There are a few instances that come to mind professionally, but one stands out most. At our home hospital, we were pulled into a patient room to intervene on behalf of a transgender patient that was being inappropriately identified by a physician. We were asked by our manager to be in the room while the physician addressed this individual. I believe we corrected the physician three or four times regarding the patient’s identity during a five-minute physician encounter. The patient was so grateful to have LGBTQ+ representation with them during that encounter.

The only adversity, and we honestly wouldn’t even call it that, that we’ve truly encountered was when we first came out in the workplace at our home hospital. We weren’t sure if we were going to lose our jobs as we worked for a Catholic institution, or if they would force one of us to move units because we were in a relationship. Fortunately, neither of those things happened and our manager called and talked to us to make sure that we weren’t being bullied and that we felt safe at work.


What advice would you give to other members of the LGBTQ+ community?  

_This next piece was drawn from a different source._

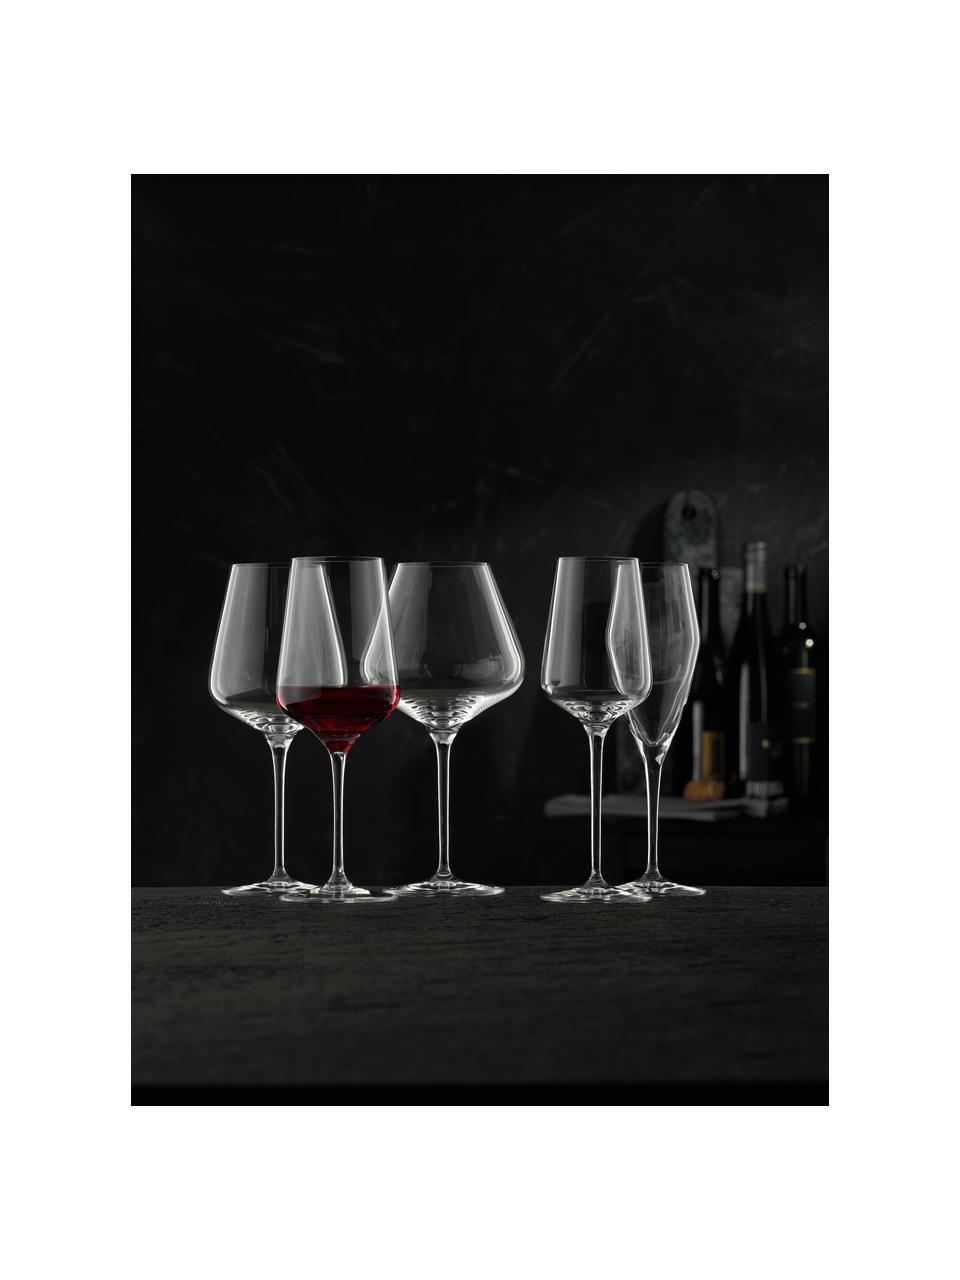 Kristall-Rotweingläser ViNova, 4 Stück, Kristallglas, Transparent, Ø 11 x H 24 cm, 680 ml

To our fellow LGBTQ+ family members, be patient. There are definitely times you’re going to feel like the sideshow at the circus. Remember that a lot of the places that travelers go may not have encountered many of us. Unless you’re threatened, mistreated, or bullied by them, take the opportunity to teach them about our community! You don’t know what’s going on with them. We’ve found out in more than one instance that the ‘prying’ coworker was being invasive because they weren’t sure of themselves and had never met anyone else ‘like them’ to talk to in a safe setting. We don’t have enough combined fingers and toes to count together how many questioning individuals we’ve come across in three and half years. Conversely, if something feels off, it probably is. If you don’t feel safe enough to come out in the workplace, that’s okay.


What are some good resources for others working as medical travelers in the LGBTQ+ community? 

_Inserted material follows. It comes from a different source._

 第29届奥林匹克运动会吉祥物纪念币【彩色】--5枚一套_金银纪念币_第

What advice would you give to other medical professionals about treating LGBTQ+ patients?

To medical professionals treating LGBTQ+ patients, remember that we are humans. There haven’t been many medical professionals we’ve encountered that react negatively, but they are out there. Recognize your own biases. Everyone has them, including us. We as a community fully expect to be reacted to negatively. Help be part of the change! Do NOT, under any circumstance EVER “out” (telling others about the person’s orientation) a patient to family, friends, or other people. Not only is it disrespectful to the person, you may be placing them in danger if they are in unsafe/unhealthy environments.


"LGBTQ+ patients have unique health issues, most of which are going to be mental health issues. Many of us have gender dysphoria (struggle with our gender identities), depression, and anxiety. The biggest impact any healthcare professional can make on this community is giving these individuals a safe place."


Keep phone numbers and resources readily available for these patients. The National Suicide Hotline is so important. Nonjudgmental active listening will get you so far with these patients. They’re probably waiting for you to try and ‘talk them out of’ their orientation, ‘fix’ them, or dismiss them as crazy. Remind them that they are human, they matter, what they have to say matters, and that you’re there to help them if they’re willing to let you. Find out what the real concern is and help walk them through it. If you’re not sure how, there are so many resources available to providers!